PARIS - France voted Sunday in parliamentary elections tipped to give Socialist President Francois Hollande the majority he needs to push through his anti-austerity, tax-and-spend programme.
Final opinion polls before Sunday's first-round vote - with round two due in a week - suggested the Socialists would, with their Green and hard-left allies, emerge with a narrow but workable majority. That would boost Hollande's status in Europe as champion of the movement away from the German-led fixation on austerity and towards promoting growth as the solution to the continent's lingering economic crisis.
The vote is also a litmus test for Marine Le Pen's National Front, which wants to ditch the euro and battles against the "Islamisation" of France. Le Pen scored 18 percent in the first round of the presidential vote.
As polls indicated that 40 percent of election-weary voters might not bother to cast their ballot, the president appealed to electors to exercise their democratic right. "I will only be able to bring about change, the change that the French have asked me to bring about, if I have a majority in the National Assembly," he said Thursday during a visit to the northern town of Dieudonne.
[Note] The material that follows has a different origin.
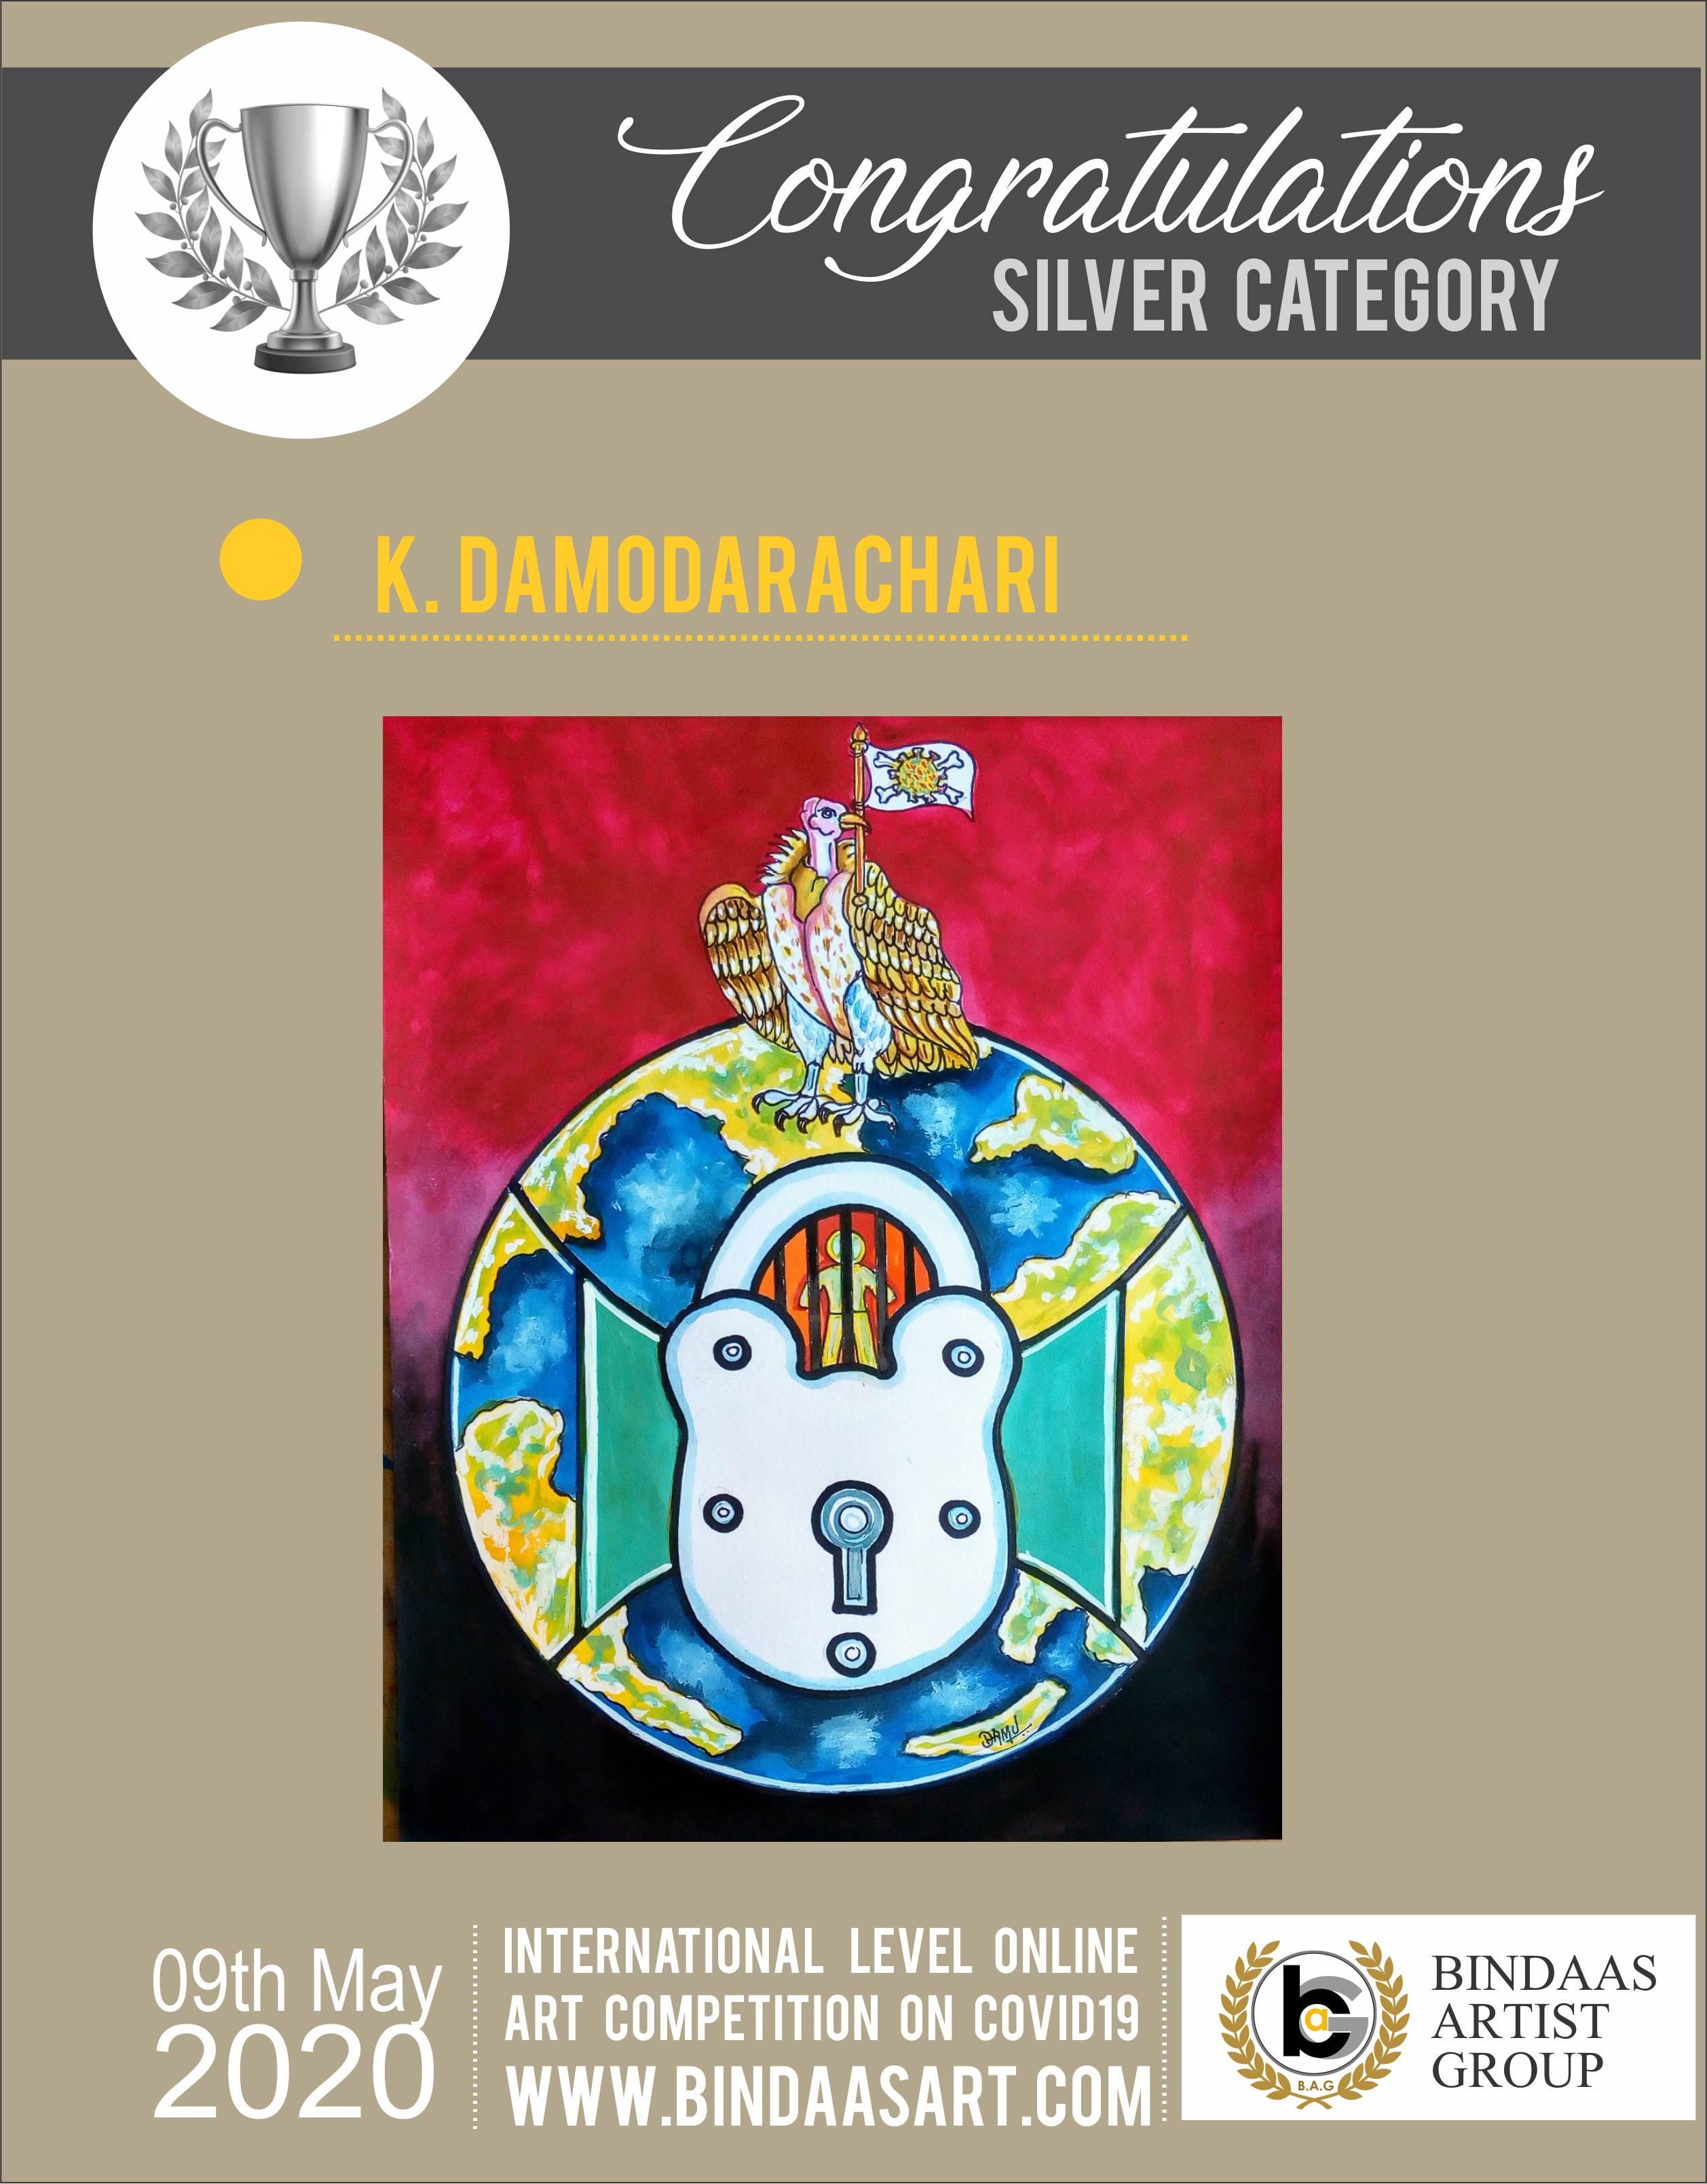 K.Damodarachari

By 1500 GMT, voter turnout stood at 48 percent, one percentage point down on the same time at the last parliamentary ballots in 2007. The IFOP opinion poll agency predicted a final turnout of 60 percent, as it was in 2007.
After taking 51.6 percent of the vote in the May 6 presidential run-off, Hollande moved quickly to give the Socialists, who already control the upper house of parliament, an edge in the parliamentary elections.
Prime Minister Jean-Marc Ayrault's interim government has taken a series of popular steps, cutting ministers' salaries by 30 percent, vowing to reduce executive pay at state-owned firms and lowering the retirement age from 62 to 60 for some workers.
But Sarkozy's right-wing Union for a Popular Movement (UMP) party has hit back with warnings that the Socialists are preparing huge tax hikes to pay for what the right says is a fiscally irresponsible spending programme.
UMP leader Jean-Francois Cope said the Socialists were readying "the biggest-ever tightening of the screws on the middle class", while ex-premier Francois Fillon said the party would "massively boost taxes" with a majority.
The economic backdrop is bleak for whoever wins the parliamentary vote, with unemployment at 10 percent, stalled growth, and a resurgent eurozone crisis.
But analysts say it is unlikely Hollande, who voted Sunday in the central town of Tulle where he built his political career, will be forced into what the French call "cohabitation" by a right-wing win in the parliamentary vote.
A BVA poll on Friday gave core left-wing parties 32.5 percent; 36.5 percent if they ally with the Greens; and 44.5 percent if the hard left Left Front gets on board. The mainstream right scored 33.5 percent in the same opinion poll.
More than 6,500 candidates are competing in the vote, which takes place over two rounds under a constituency-based simple majority system.
If no candidate wins more than 50 percent in the first round, any contender who scores more than 12.5 percent of the vote stays in the race for the second round.
Observers will also be keeping an eye on the National Front.
Although the party has not won a seat in parliament since 1986, Le Pen is seeking to build on her strong showing in the presidential vote and cement her party's place in national politics.
She faces a personal challenge from the Left Front's Jean-Luc Melenchon, who won 11 percent in the presidential vote. He has chosen to battle Le Pen head-on in Henin-Beaumont, a rundown former mining constituency near the northern city of Lille.
Some 64,000 polling stations opened at 8:00 am (0600 GMT) on Sunday and were to close at 6:00 pm (1600 GMT) in most municipalities, and 8:00 pm (1800 GMT) in large cities.